The more traditional sound was bookended by Carter's 1944 Elegy, arranged by Descharmes for the same instrumentation as Messiaen's Quatuor, the Coplandesque dewiness, bordering on the grotesquely lacrymose, forming a misty-eyed tribute to Carter. In between were five detailed miniatures for the players' respective solo instruments, all composed in the last decade of the 20th century. Descharmes has already proven himself at La Maison Française, but it was here that his colleagues showed their chops, especially Julien-Laferrière, whose rendition of Gra for solo clarinet, from 1993, was an encyclopedic game of textures, attacks, and melodic interest, with an exemplary tone that did not get shrill in the stratosphere. The overtone effects called for by Carter in this piece were ghostly.

Other Reviews:

Anne Midgette, Elliott Carter at 100: His Candle Still Burns (Washington Post, December 15)
The quartet's rendition of the Messiaen Quatuor fell on the short side of average timings, at 50 minutes with pauses in between. The tempo choices gave a cursory quality to some of the movements, especially seeming to cheat the eternity and immortality of Jesus (nos. 5 and 8), although the dissolve from fortissimo al niente at the end of the fifth movement was beautiful, like ice melting away under sudden heat. Time slowed but did not seem to cease, as it can in more extravagantly slow performances. The effect was worsened, surprisingly, by the slightly prosaic approach of Cottet to the many repeated chords in the piano part, which were skillfully voiced but often seemed too much like one another. Some of the most effective playing came in the first movement, Liturgie de crystal, where the sense of time being charted, separated, recombined came across in the flowing ostinato of piano chords and the disembodied sound of the sliding cello. As forecast in the Carter set, clarinetist Julien-Laferriere was the centerpiece, with breathtaking (-giving) control in the third movement’s notes that crescendo from nothing to crushing power. It was a performance with many good parts that did not quite add up to something great.

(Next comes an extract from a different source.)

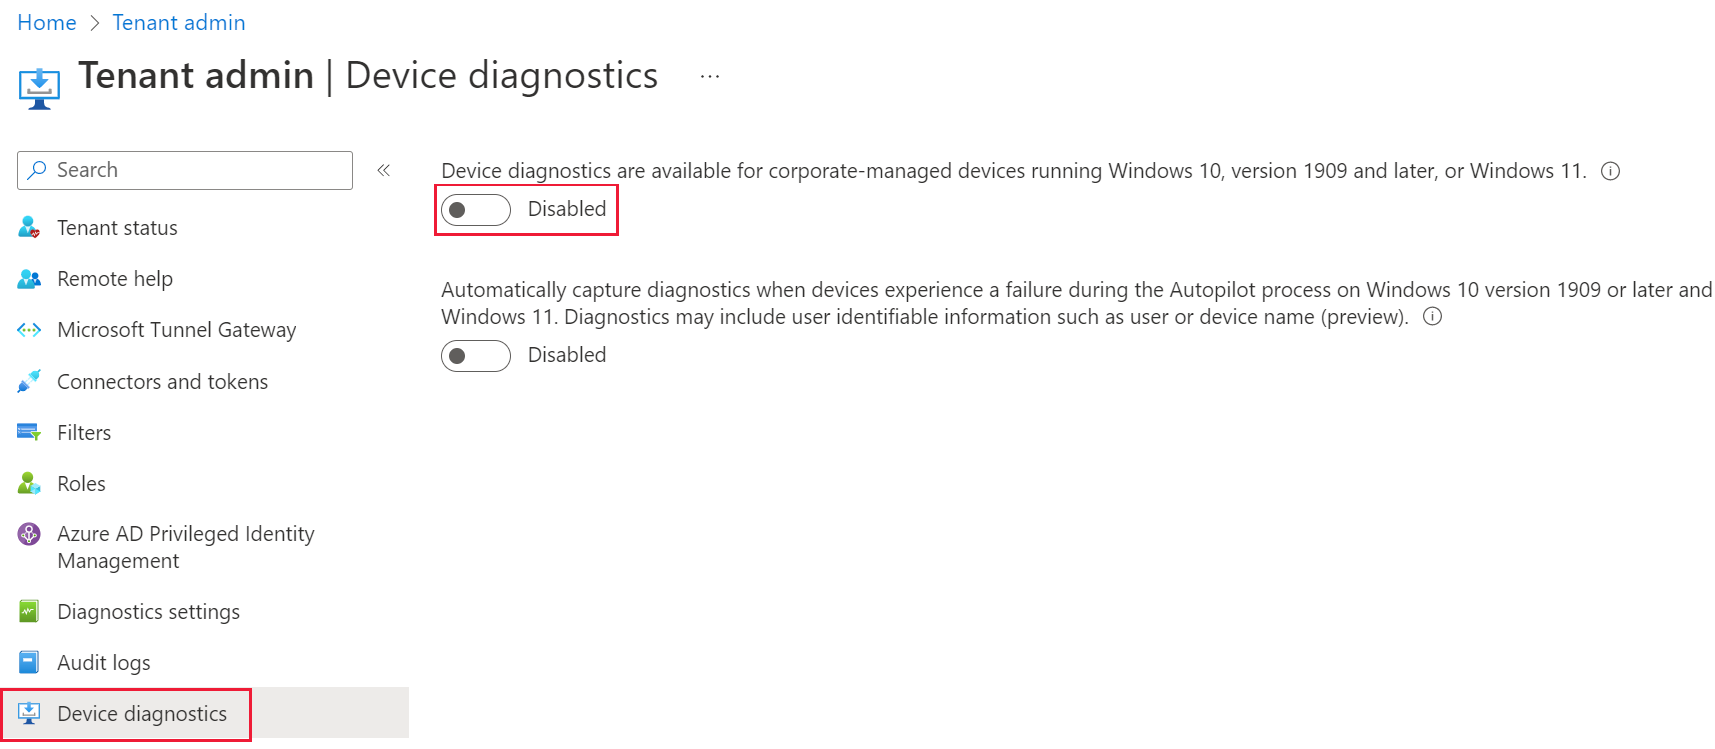 Screenshot that shows the Device diagnostics pane with the highlighted control for device diagnostics set to Disabled.

The inauguration of Barack Obama has scuttled the plans at La Maison Française to host François-Frédéric Guy playing the complete sonatas of Beethoven in January. However, he will be featured in their next concert -- just one -- on January 22.

1 comment:

Anonymous said...

How about a post about one of the unrecognized masters of the 20th century who also celebrates 100 years this year: Slovakia's Eugen Suchon.